Tuesday, October 13, 2009

The Fight

It's always useful to pay attention to what your "adversaries" are thinking. That means reading stuff by folks with whom you disagree. You seek commonality wherever possible. It's the whole Hegelian thesis/antithesis/synthesis approach to finding new insights into life. It's a way to generate new energy, in a matter/antimatter collision sort of way. Some of the more transforming conversations I've had have been with folks with radically different worldviews.

But disagreement ain't all kumbaya, guitars, and roasted marshmallows. Certain differences are not surmountable.

I was checking in on one of my favorite fundamentalist jousting partners the other day, and found that an article by one of their contributors laid out what I think is the core issue underlying the ongoing Christian arguments about gays and lesbians. The matter, and both he and I are convinced, is less about the sexuality, and more about two different approaches to the Bible. As he describes the nature of the argument, he describes the essence of the fight as follows:
On one side are the evangelicals (and count me among them) who believe God has declared His standard for sexuality, expressly stated, once and for all, in His holy Word. On the other side are the progressives who feel the Bible is a “living word” that is interpreted by each individual to fit contemporary, personal enlightenment. Oddly many evangelicals barely acknowledge there are sides in the debate over Biblical authority and interpretation.
What struck me in reading this was that I had read exactly the same thing about four hours earlier, only written from the a perspective more similar to my own.
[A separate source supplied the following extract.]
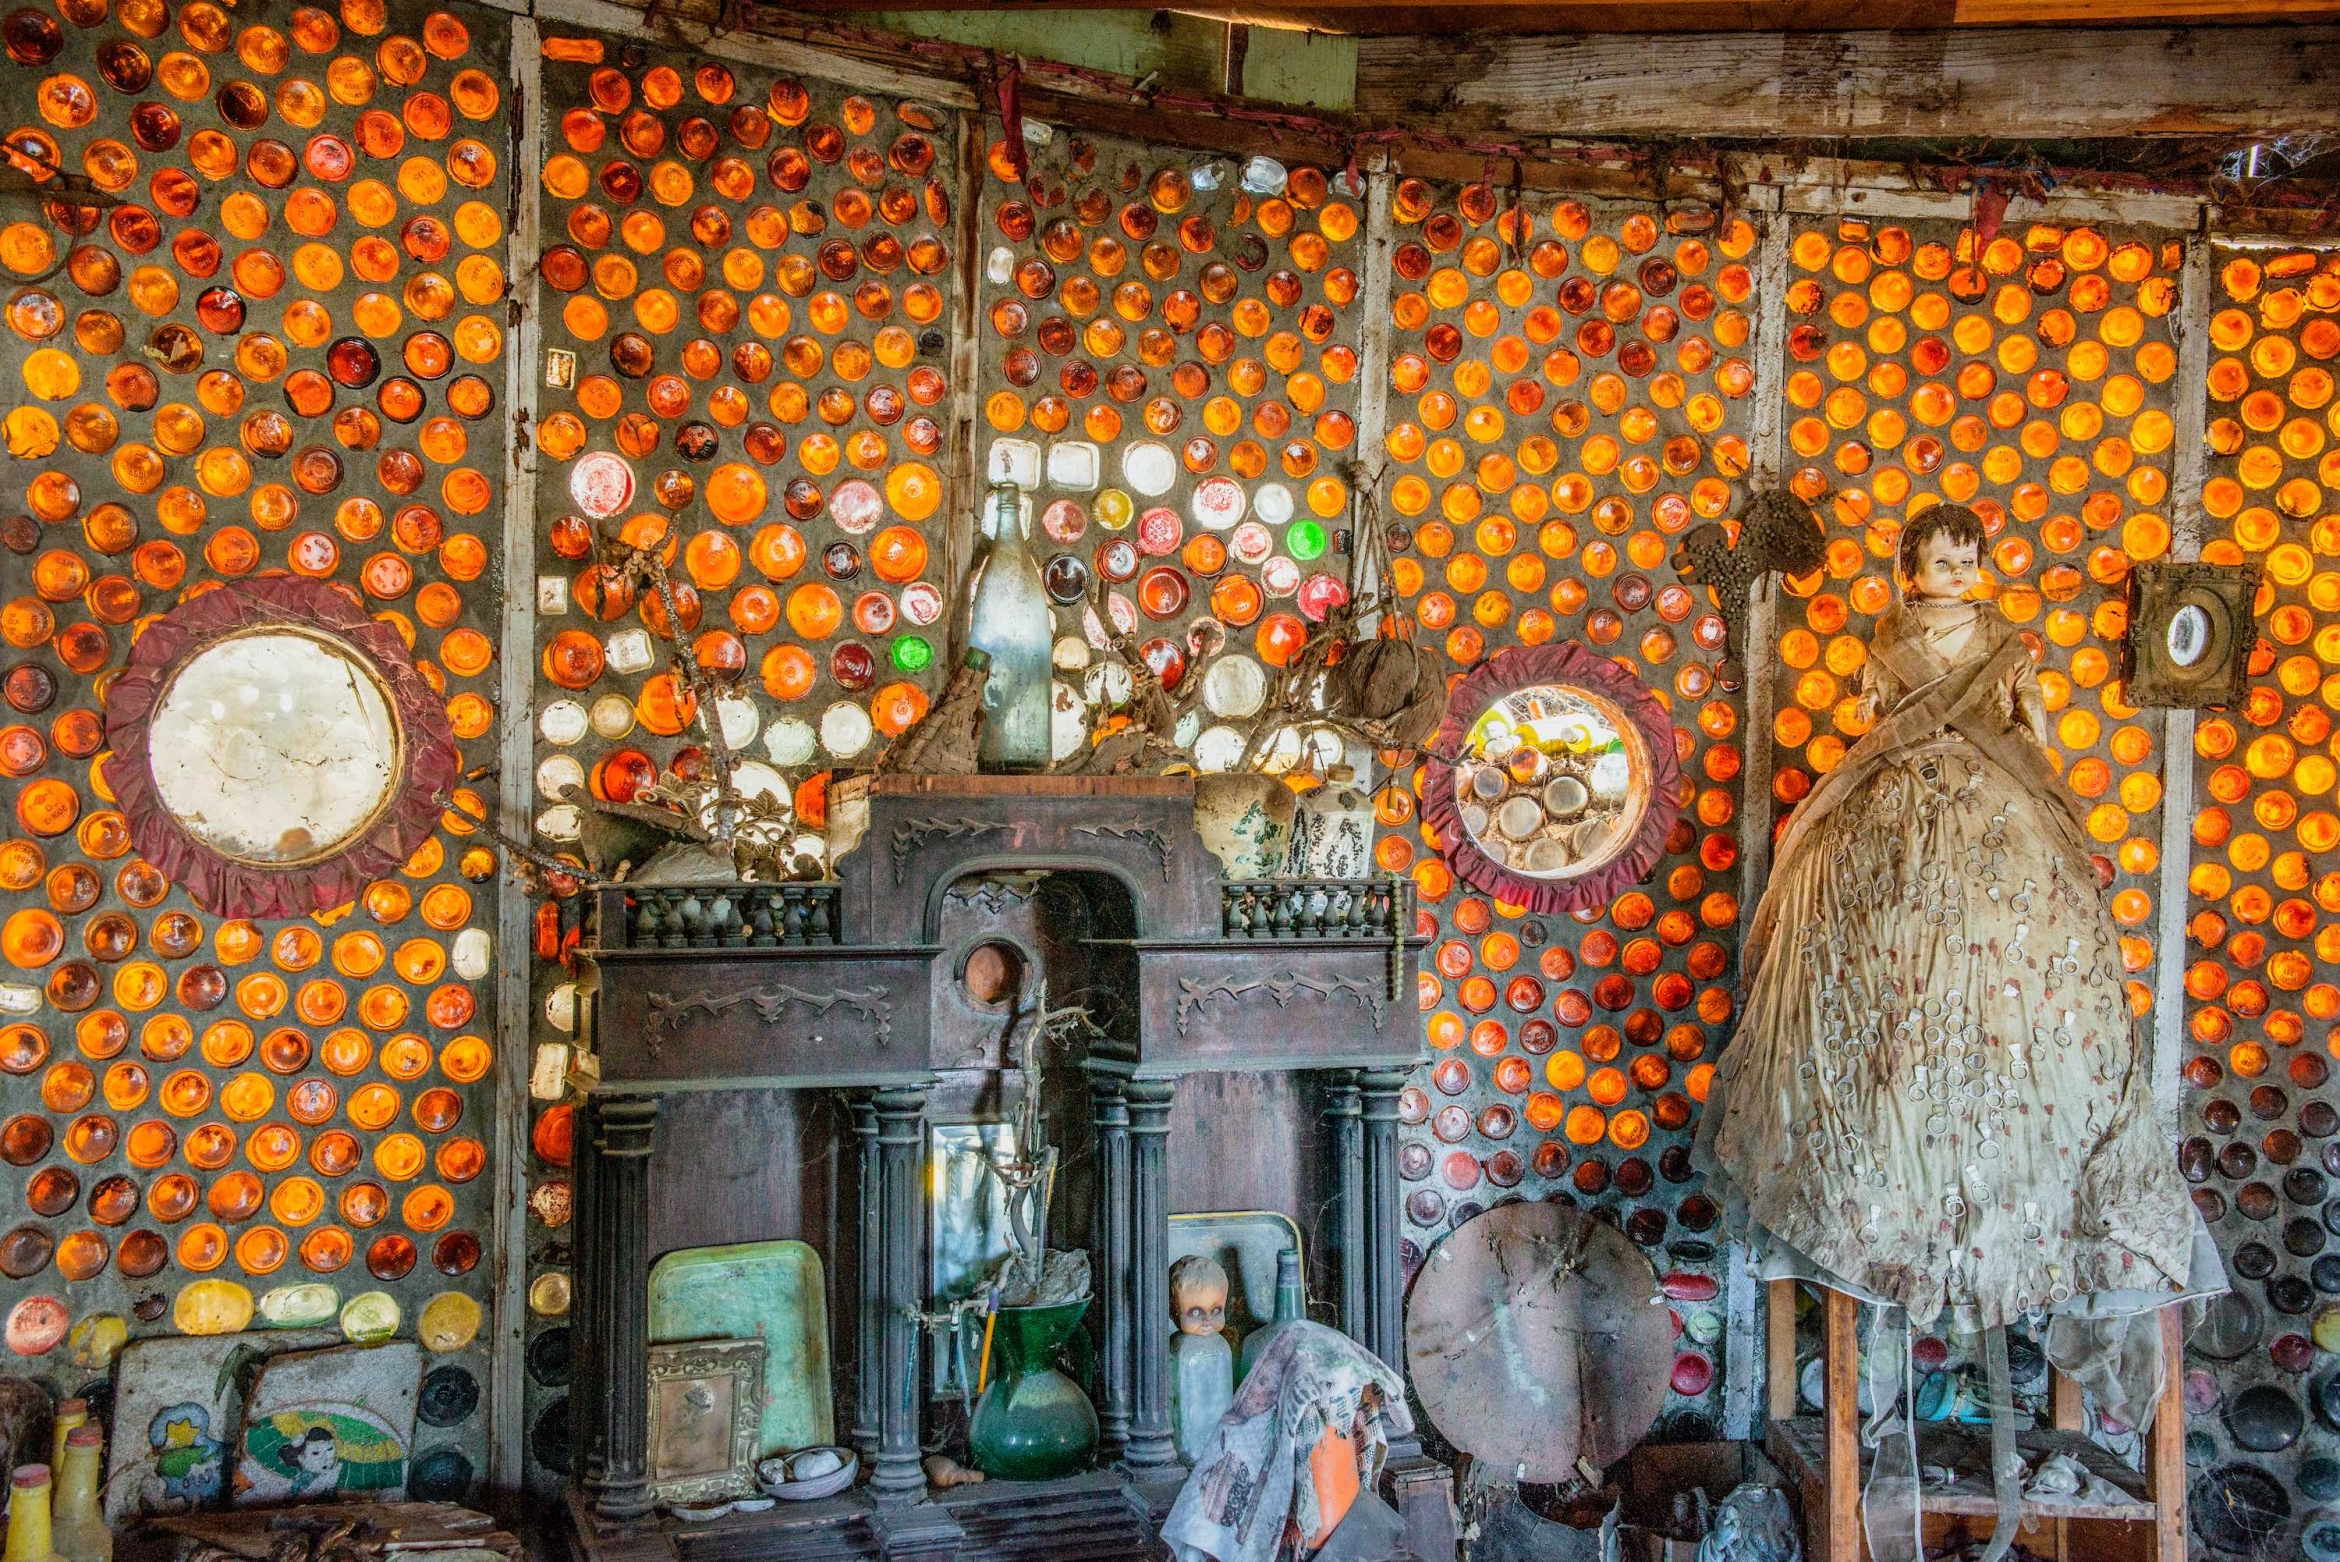 Orange glass bottle mosaic structure with dolls and miscellanea

In his book Jesus, the Bible, and Homosexuality, Jack Rogers lays out his approach to the Bible. Rogers, who is an evangelical, articulates essentially the same dichotomy, but from the flip side. For him, the issue is whether you approach the Bible verse by literal verse, or whether you view Scripture as something sacred that is continually deepened and redefined as we come into a deeper understanding of God's purpose. It's not about "contemporary, personal enlightenment." It's about approaching interpretation through the lens used by the original Protestant reformers, who argued:
"..that interpretation of the Scripture to be orthodox and genuine which is gleaned from the Scriptures themselves..and which agree with the rule of faith and love, and contributes much to the glory of God and man's salvation." (Second Helvetic Confession, 5.010)
That's the nature of the struggle. Are we to interpret Scripture as if it were an empirical dataset, or do we approach it as a sacred and living text, governed and defined by the highest principles and purposes of our faith?

I know where I stand. Viva la neoreformation!